Сердце Дариуса возликовало. Вот оно – то, чего он так долго ждал! Неужели отец наконец понял, что его младший сын на многое способен?
Но холодный ум подсказывал ему: нет, конечно же, нет. Это невозможно.
– Мне кажется, здесь что-то не так, – осторожно сказал он. – В чем подвох, хотелось бы мне знать?
– Нет, это будет совсем не просто, – ответил граф. – Имение заложено вот уже в течение десяти лет.
– Десять лет? – Дариус присвистнул. – Наверное, ты имеешь в виду дом сумасшедшей старухи в Чешире? Никак не вспомню, как он называется…
– Бичвуд.
«Сумасшедшей старухой» была двоюродная сестра лорда Харгейта, леди Маргарет Андовер, к моменту кончины не разговаривавшая ни с кем, кроме своего мопса Галахада, которому и оставила все наследство в одной из приписок к весьма пространному завещанию на двухстах восемнадцати страницах. В итоге собака скончалась, а из-за приписок к завещанию, которые одна другой противоречили, имение оказалось в Чансери.
Теперь Дариусу все стало ясно.
– Неужели дом все еще стоит? – удивился он.
– Едва ли.
– А земля?
– Как ты думаешь, в каком она находится состоянии после запустения в течение десяти лет?
Дариус кивнул:
– Понятно. Ты предлагаешь мне вычистить авгиевы конюшни.
– Совершенно верно.
– Наверное, ты уверен, что для того, чтобы привести усадьбу в порядок, требуется не год, а по меньшей мере несколько лет, – усмехнулся Дариус. – Ложка дегтя в бочке меда.
– Когда-то имение приносило неплохую прибыль, так что есть вероятность сделать его и в дальнейшем вполне доходным. – Граф пожал плечами. – Лорд Литби, с землями которого имение граничит на востоке, давно мечтает прибрать его к рукам, и если ты не сможешь справиться с этим поручением, он найдет необходимые лазейки в законе и отберет его у меня.
Лорд Харгейт прекрасно знал, чем можно купить Дариуса, и не сомневался, что его трюк сработает. Любой, даже самый блестящий интеллект не в состоянии одержать верх над обычным мужским тщеславием.

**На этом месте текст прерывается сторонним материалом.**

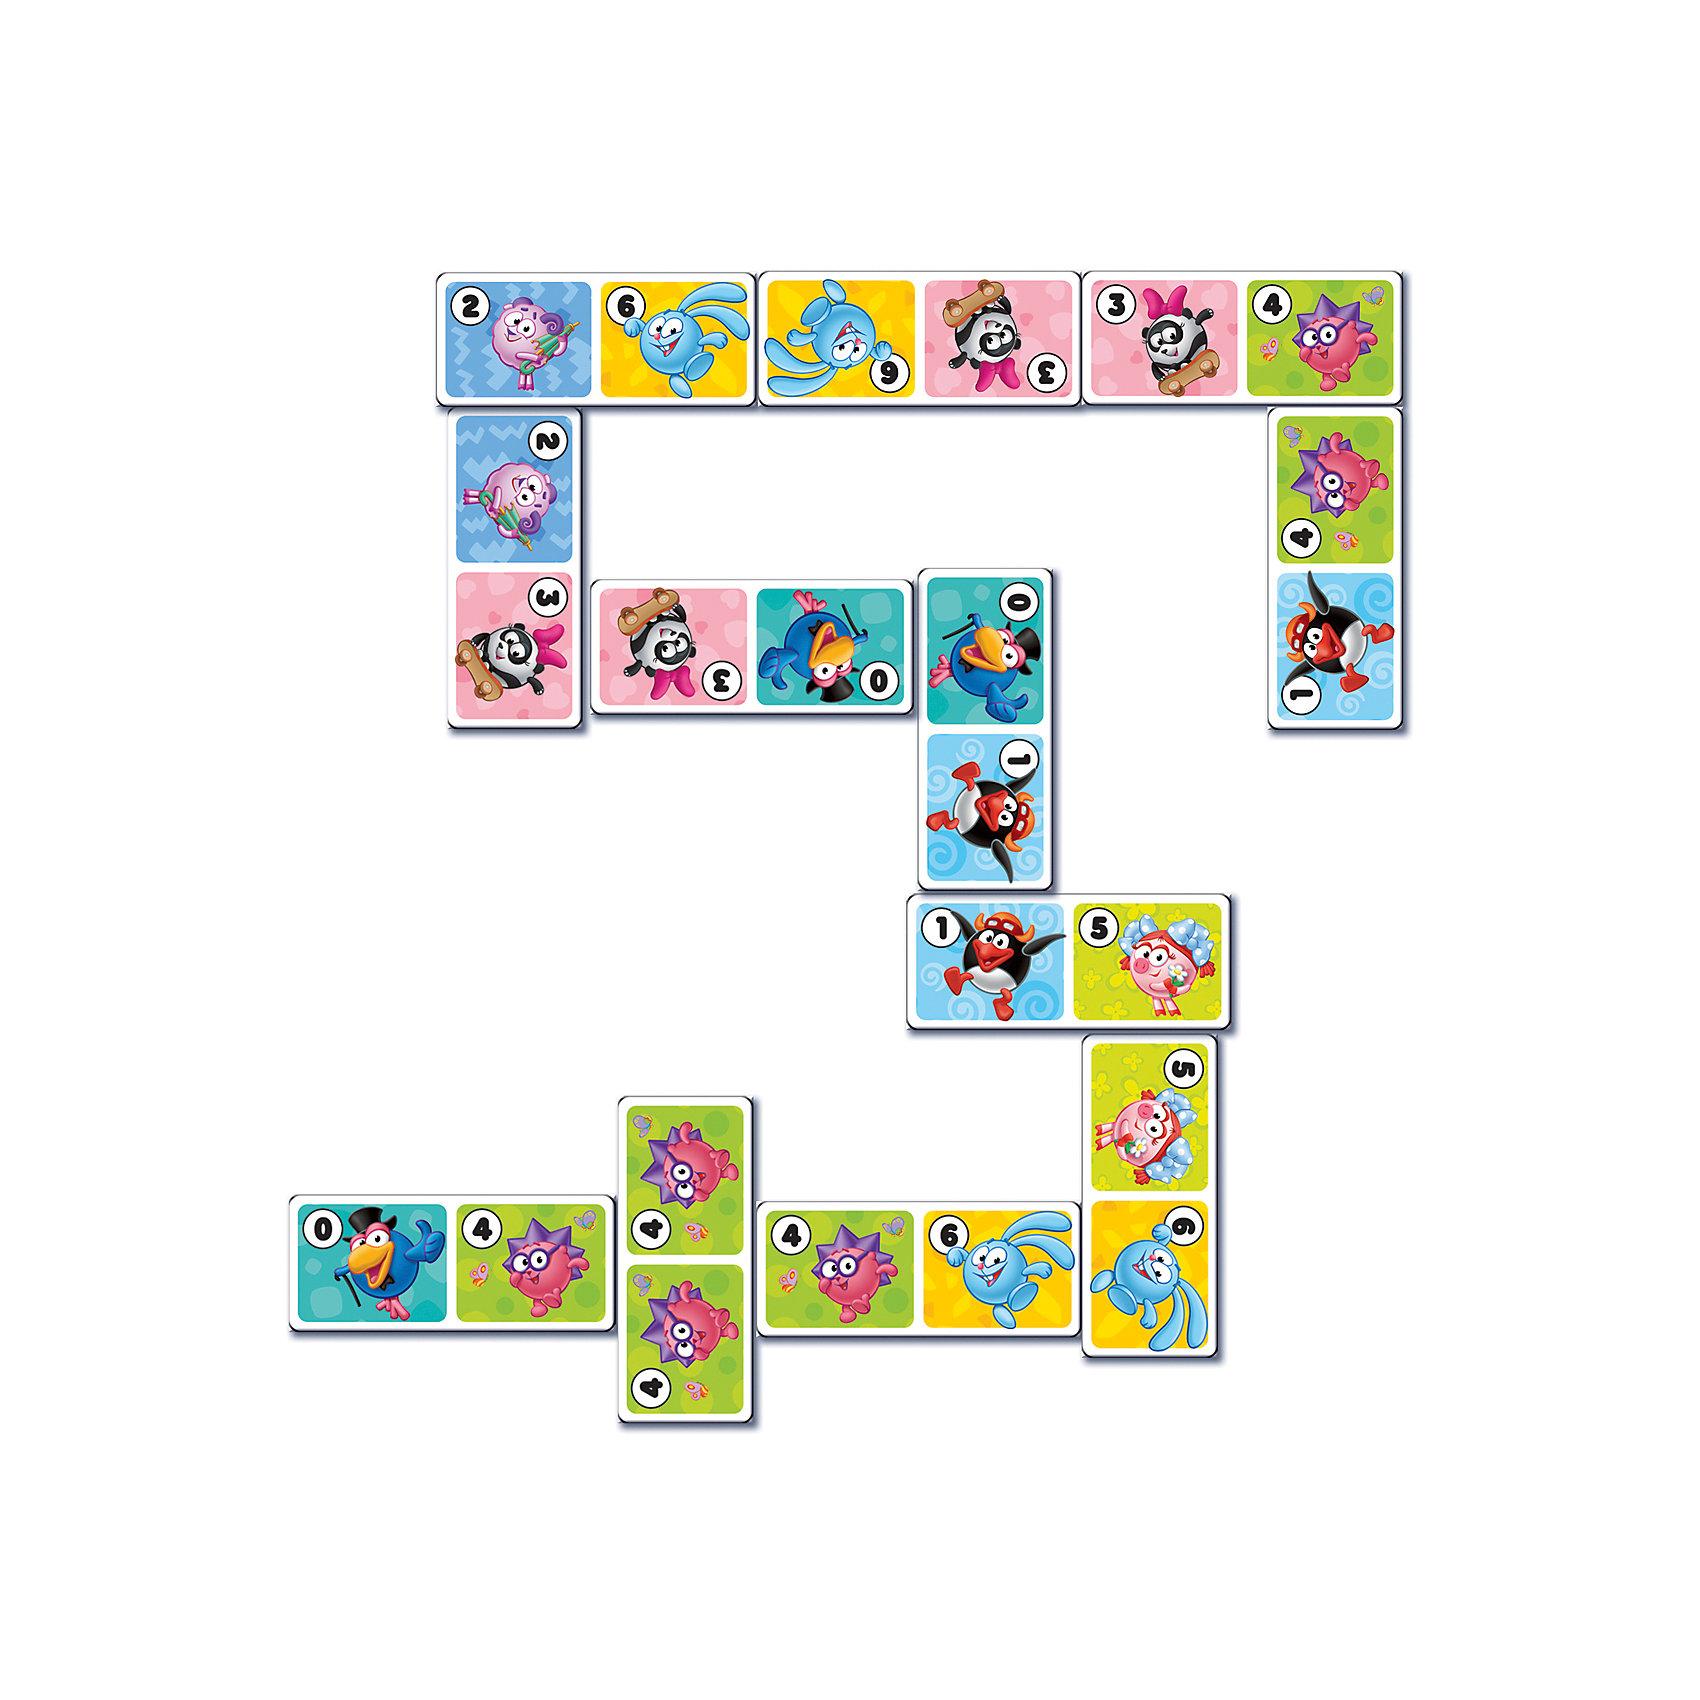 Настольная игра Домино, Смешарики, Vladi ToysХарактеристики:<br><br>• Вид игр: обучающие, развивающие<br>• Серия: настольные игры<br>• Количество игроков: до 4-х человек<br>• Пол: универсальный<br>• Материал: картон<br>• Цвет: голубой, розовый, желтый и др.<br>• Комплектация: 28 элементов домино, инструкция с правилами игры<br>• Размеры упаковки (Д*Ш*В): 19,5*3,6*24 см<br>• Тип упаковки: картонная коробка<br>• Вес в упаковке: 240 г<br><br>Настольная игра Домино, Смешарики, Vladi Toys, производителем которых является компания, специализирующаяся на выпуске развивающих игр, давно уже стали популярными среди аналогичной продукции. Развивающие настольные игры являются эффективным способом развития и обучения ребенка. При производстве настольных игр от Vladi Toys используются только экологически безопасные материалы, которые не вызывают аллергии и не имеют запаха. Набор состоит из фишек-домино с изображением персонажей сериала Смешарики. Все игровые элементы набора отличаются яркостью красок и наглядностью. <br>Настольная игра Домино, Смешарики, Vladi Toys позволит организовать веселый и полезный досуг вашего ребенка, научит внимательности и логическому мышлению, а также будет способствовать развитию памяти.<br><br>Настольную игру Домино, Смешарики, Vladi Toys можно купить в нашем интернет-магазине.<br><br>Ширина мм: 195<br>Глубина мм: 36<br>Высота мм: 240<br>Вес г: 240<br>Возраст от месяцев: 24<br>Возраст до месяцев: 84<br>Пол: Унисекс<br>Возраст: Детский<br>SKU: 5136129

– Что ж, я не могу отказаться, раз ты так ставишь вопрос. – Дариус вздохнул. – Ты даешь мне год, и когда он начнется?
– Прямо сегодня, – спокойно ответил лорд Харгейт.
Чешир
Суббота, 15 июня 1822 года
Свинья по кличке Гиацинта довольно похрюкивала в свинарнике, терпеливо выкармливая свое многочисленное потомство. Это была самая жирная и плодовитая свиноматка во всем графстве, гордость хозяина – маркиза Литби и предмет зависти всех его соседей.
Лорд Литби прислонился к стене, любуясь своей красавицей, и стоящая рядом с ним молодая женщина подумала, что у нее есть много общего с этой холеной откормленной свиноматкой. Обе они – любимицы маркиза, в обеих старик души не чает.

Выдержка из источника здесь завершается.